FFF 2009-10



BigPerv's First Presser for 2005

Rev. Justin D. Young: ... to the Lord our God, Amen. *Walks off stage*

*Moments later*

CEO JD Young:  Well folks lets get right down to it.  I'm sure you are wondering why we called this press conference today.

Reporter 1: *shouts*  Could it be that the season is about to start.  And you haven't announced a new head coach, or the rumors of yet another name change?

JDY: No no, actually, I'm here to announce our new Fall Lineup.  In the eight o'clock slot Seann William Scott will star in a new reality series.  We'll follow Seann while he works on the set of Dukes of Hazzard !  It will be called 'Please Kill Me', oh yeah, lower the JD2TV so we can ...

R1: ... *interrupts* Sir?  We are sports reporters the only thing we watch is Hoosiers and Friday Night Lights....

R2: ... *interrupts* Hey don't forget about Tin Cup !

JDY: Tin Cup?? Is that Coach Pool?  It is... SECURITY !

Coach Pool:  So as I was saying before, this is going to be a great year, I think after our last few practices my men are... Wait a tick... who's that jabronii up on stage?  Is that Coach *security grabs coach pool and starts to drag him off, as we hear is voice trail off* Young?  You changing your team name again, what's it this time BigFags?  BigQueers?  BigHomos? *CP gets tossed out into the streets.  Helping him up is his paid reporters* Get off me fools.  Like I was saying it's going to be a great year.

JDY: *We now see an aid whispering into JDY's hear, JDY clears his throat* Fine, you want to talk football we'll talk football. Like they say I'm here to please. Now, we were going to use the JD2TV to show clips from our up coming TV all-star line up. But I see you folks are not interested.

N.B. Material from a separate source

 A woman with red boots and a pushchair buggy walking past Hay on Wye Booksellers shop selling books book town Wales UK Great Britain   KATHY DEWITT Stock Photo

With that said I was just informed that we can patch into a live video link up with our new head coach, so my I present to you... Coach Young !!!

*Ignition by R-Kelly starts to play as the screen fades in showing Coach Young sitting in a hot tub surrounded by BigPerv's apparently topless cheerleaders smoking a cigar and sipping what appears to be a Scotch*

CY: That's right folks, I am BACK !!  I'm know you are wondering about the team's new Name.  Well the rumors are true, we will have a new name.

R3: *voice seems to come out of nowhere* We heard it was BigPerv is this true?

CY: JD, what was the question?

*reporters look around confused on who asked the question*

JDY: She asked if the new team name was BigPerv.

CY: Look you See, when I was asked to come back as head Coach, I said to the JD, alright, be we need a fresh start, we should...

JDY: *interrupts* ... Well it was really my...

CY: *interrupts* ... Shut the F*** up !  I told JD, we'll name the team after me.  That's why from now on, we'll be called the 'BigPerv' !  That's right.  If you mess with us this year we are going to F*** you up !  Right Ladies?

*camera zooms out to show the topless cheerleaders giggling.  We also notice two of the cheerleaders are not to be found.*

CY:  We'll also be making some other changes.  Namely we will not lose to Coach C-Deezy again ! *Camera zooms tight on to CY, he seems read in the face with a vein popping out on his neck*  We... will... not... F*CKING lose to that no talented sh*t stick again ! AHHHHHHHH!!!!!

*Camera zooms back out just in time to see Fawn and Kiki surface wiping their mouths*

CY: And another thing ...

*CY starts to stand up.. suddenly video feed fades to black while playing 'Get It Poppin''*

JDY: Seems like we lost the footage... Well that's it for today. Thanks for coming out.

R1 and R4 look at each other and ask: no really, who the hell asked that question?